The beginning is rather slow and it is predictable what is going to set Darrow off, aligning his goals with those of a rising Red rebellion. Then things start to get mighty interesting and I liked where the story was going, because I thought there was going to be a lot of scheming and infiltrating. Wrong. Darrow enters the Institute, which is where you’re sorted into houses and then it’s basically a lot of teenagers slaughtering each other (anyone getting any Hunger Games vibes? Yes? Yes). From this point, the pace moves at a crawl’s speed again – alliance, betrayal, alliance, ambush, betrayal. To me, it was really repetitive. At least, until Darrow decides there are bigger fish to fry than a few ambitious students.
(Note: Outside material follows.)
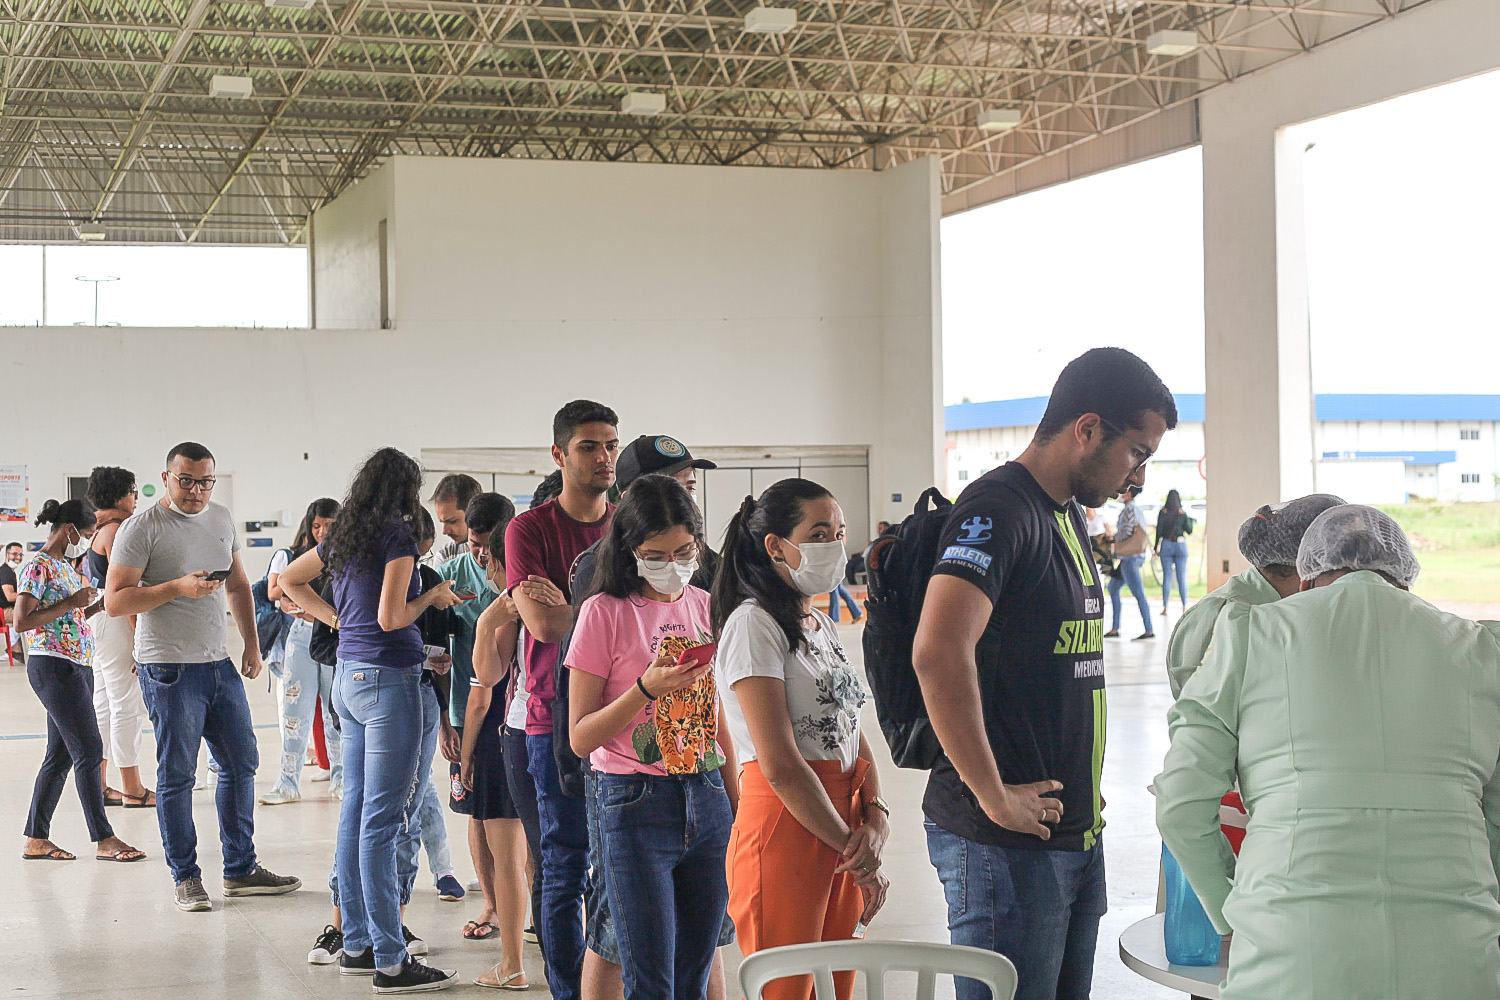 Campanha abrangeu comunidades acadêmica e externa. Imagens: Ana Laura Farias/ Campus Lagarto

Russel crowe the gladiator photo: Gladiator tumblr_m41l4bcylQ1qmsksao1_500.gif

Any redeeming qualities you ask?
Yes, in fact, there are plenty.

Darrow, the main character, was grand. Despite his low status and lack of education, he has street smarts. He’s got a temper but he can see things through. He’s loyal but he can stab you in the back if necessary. He thinks in long-term, not short-term. He also goes through a tremendous character development. Have I mentioned he’s smart as a whip?

“Tactics win battles. Strategy wins wars.”

The supporting protagonists are insanely good. They are distinct, fleshed out personalities. And they grew on me with every battle. Mustang, the cunning thing. Roque, the poet. Sevro, the little Goblin (he just proves how little people can be badass!). Pax, the giant brute.
Slow burn romance.
The world-building is impressive and quite detailed. To the end, I couldn’t quite wrap my head around this book being sci-fi with all the Greco-Roman elements (the Golds’ names are Cassius, Tactus or Nero; their functions are Praetor or Proctor and so on). For me, this highly modern world and the old-fashioned society didn’t quite fit together, but it’s an imaginative construction nonetheless.
✭ While the basics of the plot (i.e. the students of the Institute fighting each other for fame and power) bored me, the bigger picture was intriguing. The game is supposed to introduce themes that are more complex than an ambush or a swordfight; the bribery and changing alliances involved in politics, the cheating and the scheming, the betrayal, and the construction of loyalty over mere obedience. The students are just pieces on a chessboard.
✭ Some of those plot twists had me go “AHHH”. Sly bastard, this Pierce Brown.
The showdown is an action-packed blast. I love my characters cunning, patient, thinking their plans through before they strike. But when characters let their rage take over and mow down the fucking Olympus, I’m all in favour. In addition, the ending is not cliffhanger-y, thank you very much!

My feelings are in turmoil, and I will never be 100% sure about the rating I’m giving this. The writing was simply not for me and the pace was a little off in the middle parts, yet I’m still rather impressed with the world Brown has created and with the major developments in the book.

Therefore, I’m awarding this 4 generous stars: For Darrow and his pack, for the world-building, for the scheming and the plot twists, and for the gorydamn showdown. And you know you’ve spent too much time around a set of characters when you start cussing like them.

Should you pick up this book? If you have a very lively imagination and cannot handle violent movies like Gladiator and 300, then no, definitely not. Otherwise, if it sounds appealing to you, then by all means, yes.